BMD modeling using ToxicR — bmd

Calculate the benchmark dose (BMD) for continuous dose-response data with optional model averaging. This function is intended to model the dose-response of mutation frequency using the ToxicR software.

Usage

bmd_toxicr(
  mf_data,
  data_type = "individual",
  dose_col = "dose",
  response_col = c("mf_min", "mf_max"),
  sd_col = NULL,
  n_col = NULL,
  bmr_type = "rel",
  bmr = 0.5,
  model = "exp-aerts",
  alpha = 0.05,
  model_averaging = TRUE,
  plot_results = FALSE,
  ma_summary = FALSE,
  output_path = NULL,
  ...
)

Arguments

mf_data: A data frame containing the dose-response data. Data may be individual for each sample or averaged over dose groups. Required columns for individual data are the column containing the dose dose_col and the column(s) containing the mutation frequency data response_col(s). Summary data must include the dose_col, the response_col(s) containing the mean response for each dose group, the sd_col containing the standard deviation of the response data, and the n_col containing the sample size for each dose group.
data_type: A string specifying the type of response data. Data may be response per individual or summarised across dose groups. Options are ("individual", "summary"). Default is "individual".
dose_col: The column in mf_data containing the dose data. Values must be numeric. Default is "dose".
response_col: The column(s) in mf_data containing the mutation frequency data. For summarised data types, this should be the mean response for each dose group. Multiple response_cols can be provided.
sd_col: The column in mf_data containing the standard deviation of the summarised response data. This is only required for data_type = "summary". If multiple response columns are provided, multiple sd_cols should be provided in the same order. Default is NULL.
n_col: The column in mf_data containing the sample size of each dose group. This is only required for data_type = "summary". If multiple response columns are provided, multiple n_cols should be provided in the same order. Default is NULL.
bmr_type: The type of benchmark response. Options are: "rel", "sd", "hybrid", "abs". Default is "rel". See details for more information.
bmr: A numeric value specifying the benchmark response. The bmr is defined in relation to the calculation requested in bmr_type. Default is 0.5.
model: The model type to use. Options are "all" or a vector of model types. Default is "exp-aerts", the Exponential model. See details for available models. Note that model averaging will use a pre-defined model set. See details for more information.
alpha: The specified nominal coverage rate for computation of the lower and upper confidence intervals for the benchmark dose (BMDL, BMDU). The confidence level is calculated as \(100\times(1-2\alpha)\% \). The default is 0.05 (90% CI).
model_averaging: A logical value indicating whether to use model averaging. Default is TRUE (recommended).
plot_results: A logical value indicating whether to plot the BMD models and/or the Cleveland plots. Default is FALSE. If TRUE, the function will save plots to the output_path or return them as a list alongside the summary of the results.
ma_summary: A logical value indicating whether to return the summary of the model averaging results. Default is FALSE.
output_path: The file path indicating where to save the plots. If NULL, the plots will automatically be returned as a list alongside the bmd results.
...: Additional arguments to be passed to the model fitting function.

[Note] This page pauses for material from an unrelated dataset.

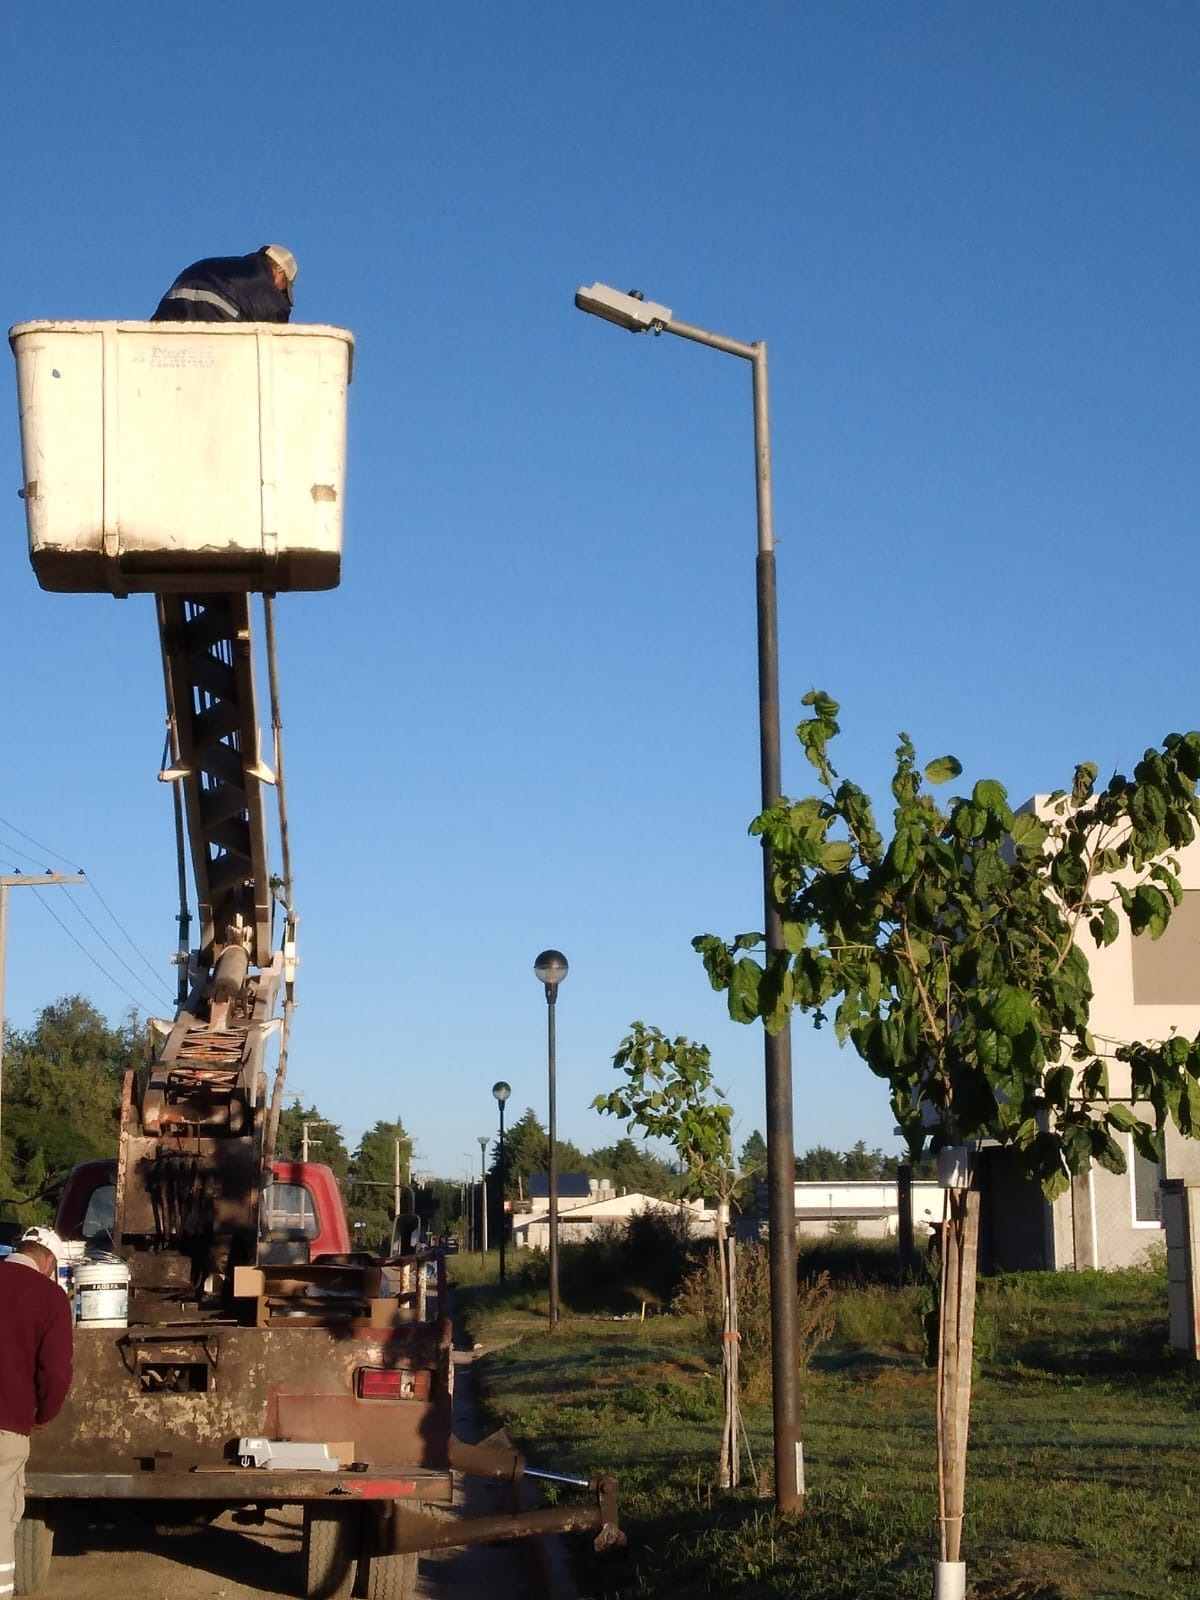 La municipalidad está realizando trabajos de mantenimiento y reposición de luminarias en varios puntos estratégicos que incluyen: Pasaje Suizo y Laprida, Sáenz Peña y Tucumán, barrio El Panal y Patio Alberdi

For more information, see single_continuous_fit or ma_continuous_fit if model averaging.

Value

If model_averaging = FALSE, the function returns a data frame with the BMD values and the \(100\times(1-2\alpha)\% \) confidence intervals (BMDL, BMDU)for each response column and each model listed. The AIC value is calculated for each model to compare fits. The AIC is calculated as maximum likelihood + 2 * degrees of freedom.

If model_averaging = TRUE, the function returns a data frame with the BMD values and the \(100\times(1-2\alpha)\% \) confidence intervals (BMDL, BMDU) for each response column calculated using model averaging. If ma_summary = TRUE, the function will return the posterior probabilities used in the model averaging.

If plot_results = TRUE, the function will plot the fited models or the model averaged model to the data. When mode averaging, the function will also make a Cleveland plot, saved to the output_path. Here, the BMDs are plotted for each model in the set alongside the model averaged BMD. The BMD is represented by a red dot. The size of the dot is scaled on the model probability with the Model Average having a value of 100%. The BMDL and BMDU are expressed as interval bars. Plots may be automatically exported to an output_path. Alternatively, if output_path = NULL, the function will return a list that includes summary (the data frame contianing the BMD results), and all generated plots.

Details

Available model types for single model fitting are:

"exp-aerts": \(f(x) = a(1 + (c-1)(1-\exp(-bx^{d}))) \)
"invexp-aerts": \(f(x) = a(1 + (c-1)(\exp(-bx^{-d})))\)
"gamma-aerts": \(f(x) = a(1 + (c-1)(Gamma(bx^d;xi)))\)
"invgamma-aerts": \(f(x) = a(1 + (c-1)(1-Gamma(bx^{-d};xi)))\)
"hill-aerts": \(f(x) = a(1 + (c-1)(1-\frac{b^d}{b^d + x^d}))\)
"lomax-aerts": \(f(x) = a\left\{1 + (c-1)(1-\left(\frac{b}{b+x^d} \right)^\xi) \right\}\)
"invlomax-aerts": \(f(x) = a\left\{1 + (c-1)(\left(\frac{b}{b+x^{-d}} \right))^\xi \right\}\)
"lognormal-aerts": \(f(x) = a\left\{1 + (c-1)\left(\Phi( \ln(b) + d\times \ln(x))\right) \right\}\)
"logskew-aerts": \(f(x) = a\left\{1 + (c-1)\left(\Phi_{SN}( \ln(b) + d\times \ln(x); \xi )\right) \right\}\)
"invlogskew-aerts": \(f(x) = a\left\{1 + (c-1)\left(1 - \Phi_{SN}( \ln(b) - d\times \ln(x); \xi )\right) \right\}\)
"logistic-aerts": \(f(x) = \frac{c}{1 + \exp(-a - b\times x^d)} \)
"probit-aerts": \(f(x) = c\left(\Phi(a + b\times x^d)\right) \)
"LMS": \(f(x) = a(1 + (c-1)(1 - \exp(-bx - dx^2)))\)
"gamma-efsa": \(f(x) = a(1 + (c-1)(Gamma(bx; d)))\)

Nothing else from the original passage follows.